Another discussion concerns sand and various chemical costs. Currently we have not seen much of an increase in costs of proppant but there have been discussions of costs rising 10% or more on certain types of proppant. This is due to multiple factors—increased activity, longer laterals, and increased proppant volume per ft are raising the volume of sand needed per job. Compared to 2014 (graphic on sand per 1000 ft over time) we have seen an increase of 100% in the Delaware in terms of sand volumes and 38% in the Midland. The average horizontal well in the US is using 9.2 million lbs of proppant per well with some testing upwards of 30 million lbs. Begin to multiply those figures by the average number of wells being completed per year and compare it to the output of sand mines across the US. Compare it to the associated costs to transport that sand by rail and truck to location and then contemplate continuing to increase the average total volume per well as we have in the past couple years.

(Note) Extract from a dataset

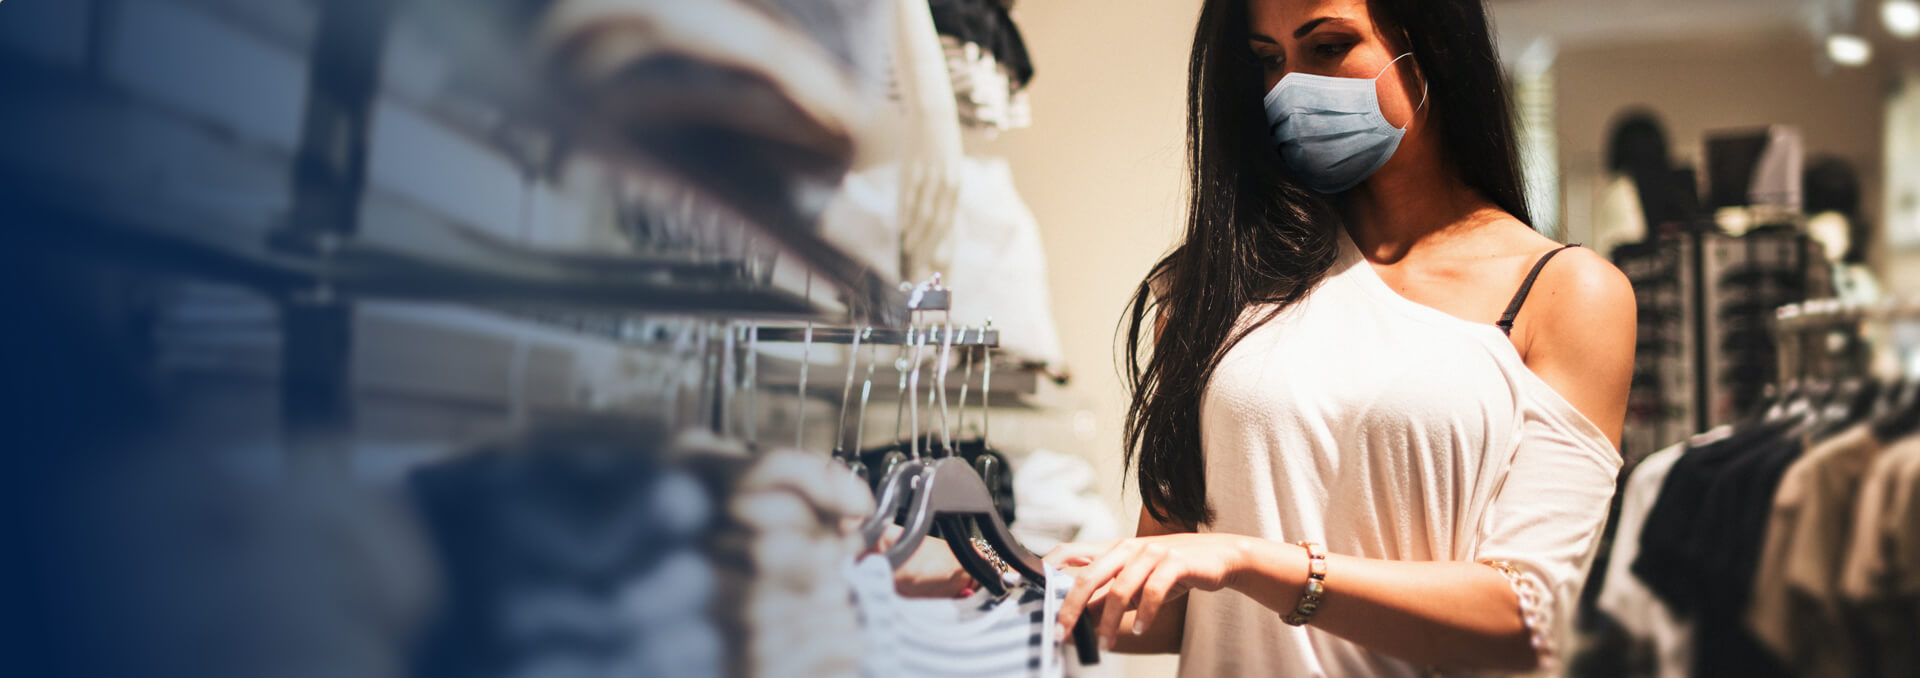 woman in a clothing store wearing a face mask

Figure 7: Proppant volumes horizontal wells completed onshore US
Figure 7.1: Proppant Over Time Delaware Basin
Figure 7.2: Proppant Over Time Midland Basin
The demand this has on mines is incredible. With operators moving to finer meshes and mixes, it only makes sense for proppant suppliers to raise prices to counter the rising demand. These costs will be directly passed on to the E&Ps who will have to deal with the rising costs of in-demand services. The clash between these two parts of industry could be economically compelling since publicly traded E&Ps have issued guidance on returns based on specific costs which will be inaccurate if service costs rise. The question is, how many companies will push back? Figure 8 looks at the breakevens of Operators in the Permian with 20% returns at $50 WTI and $3HH with flat service costs on the left and 20% increase in service costs on the right. One can see the number of Operators and regions that become out of the money just in the Permian; this will affect other regions that have higher service costs due to location, etc. in a negative way.

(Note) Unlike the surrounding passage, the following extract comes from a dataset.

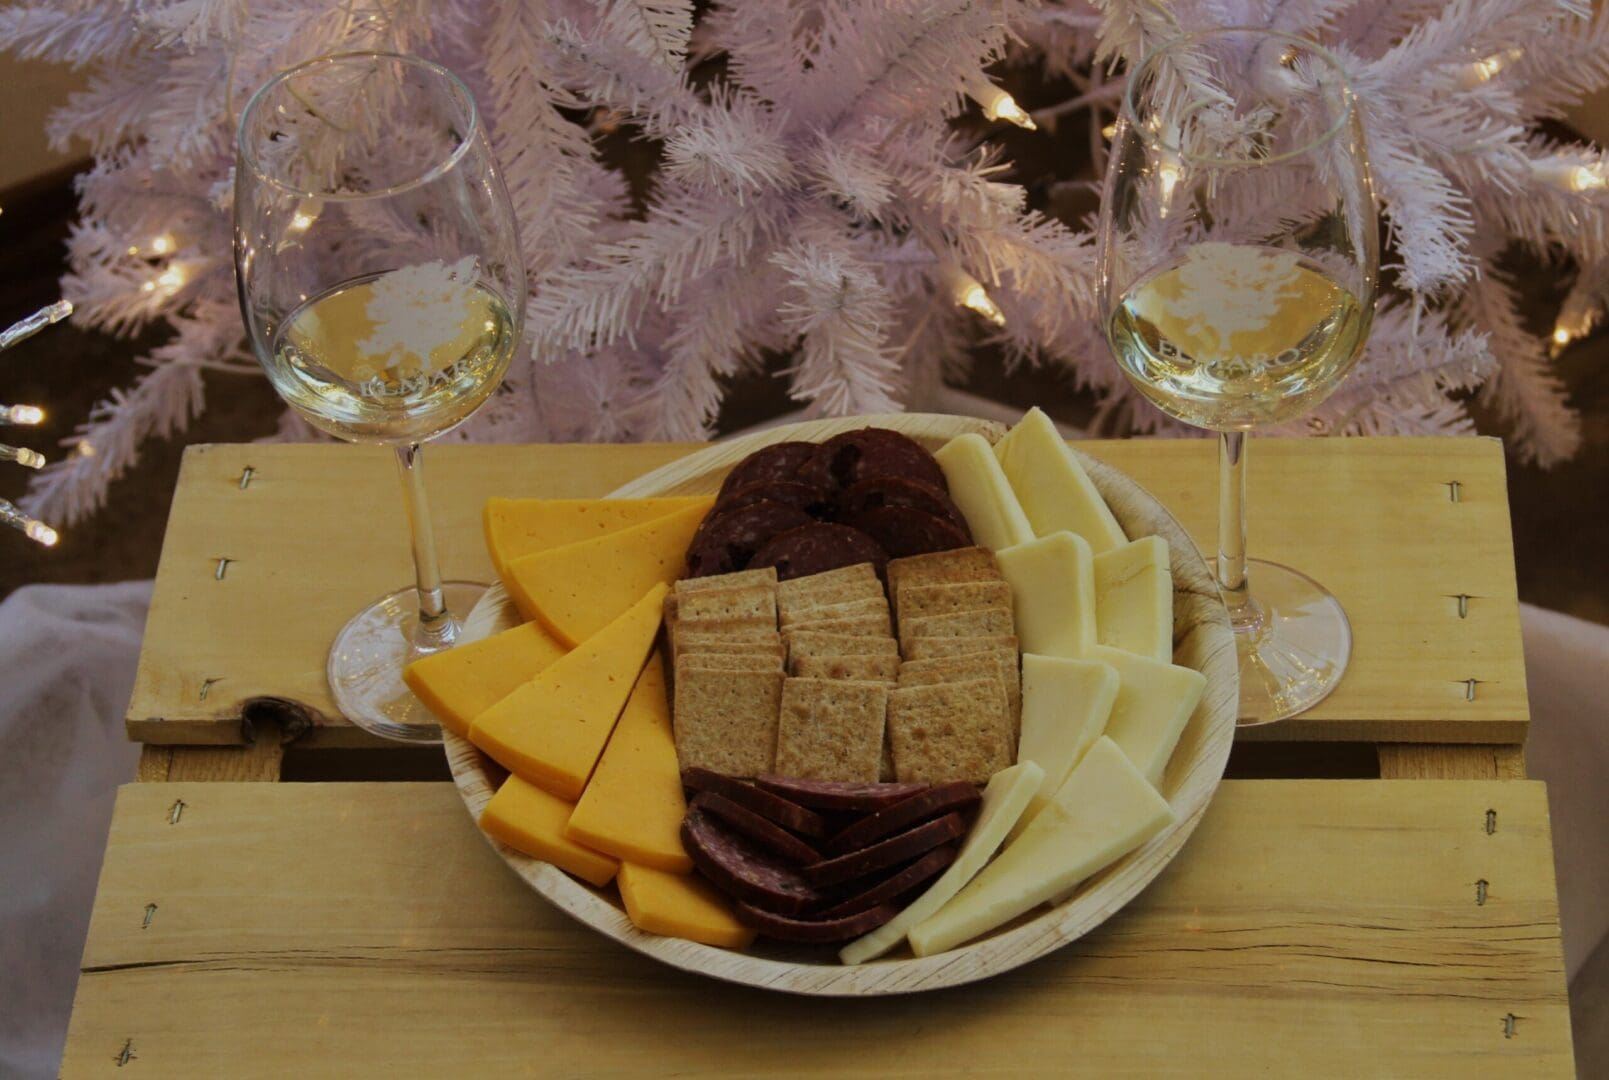 A plate of cheese, crackers, and wine glasses on a wooden crate.

Figure 8: In the money operators with $50 WTI, $3 HH, and flat service costs and 20% increase
Currently, service companies have the upper hand. Many are fully contracted out for services. Companies late to the game will have to pay to build fleets or wait in line, adding additional costs to completion schedules that will have to be met. If pricing goes back down, these operators will be on the hook for the fleets they helped build which would lead to the same issue we saw during the downturn with rig contracts; E&Ps paying to break the contract. On the other hand if pricing is sustained this could give them a leg up with a fleet built for their wells. Service companies are starting to work for who they want, not for who will pay, leading to a scrutinizing of companies that are late on payments, poor partners, etc. Holding the line for E&Ps might not be possible. Rising service costs and subsequent downward pressure on returns will hopefully not start another vicious cycle between the two sectors.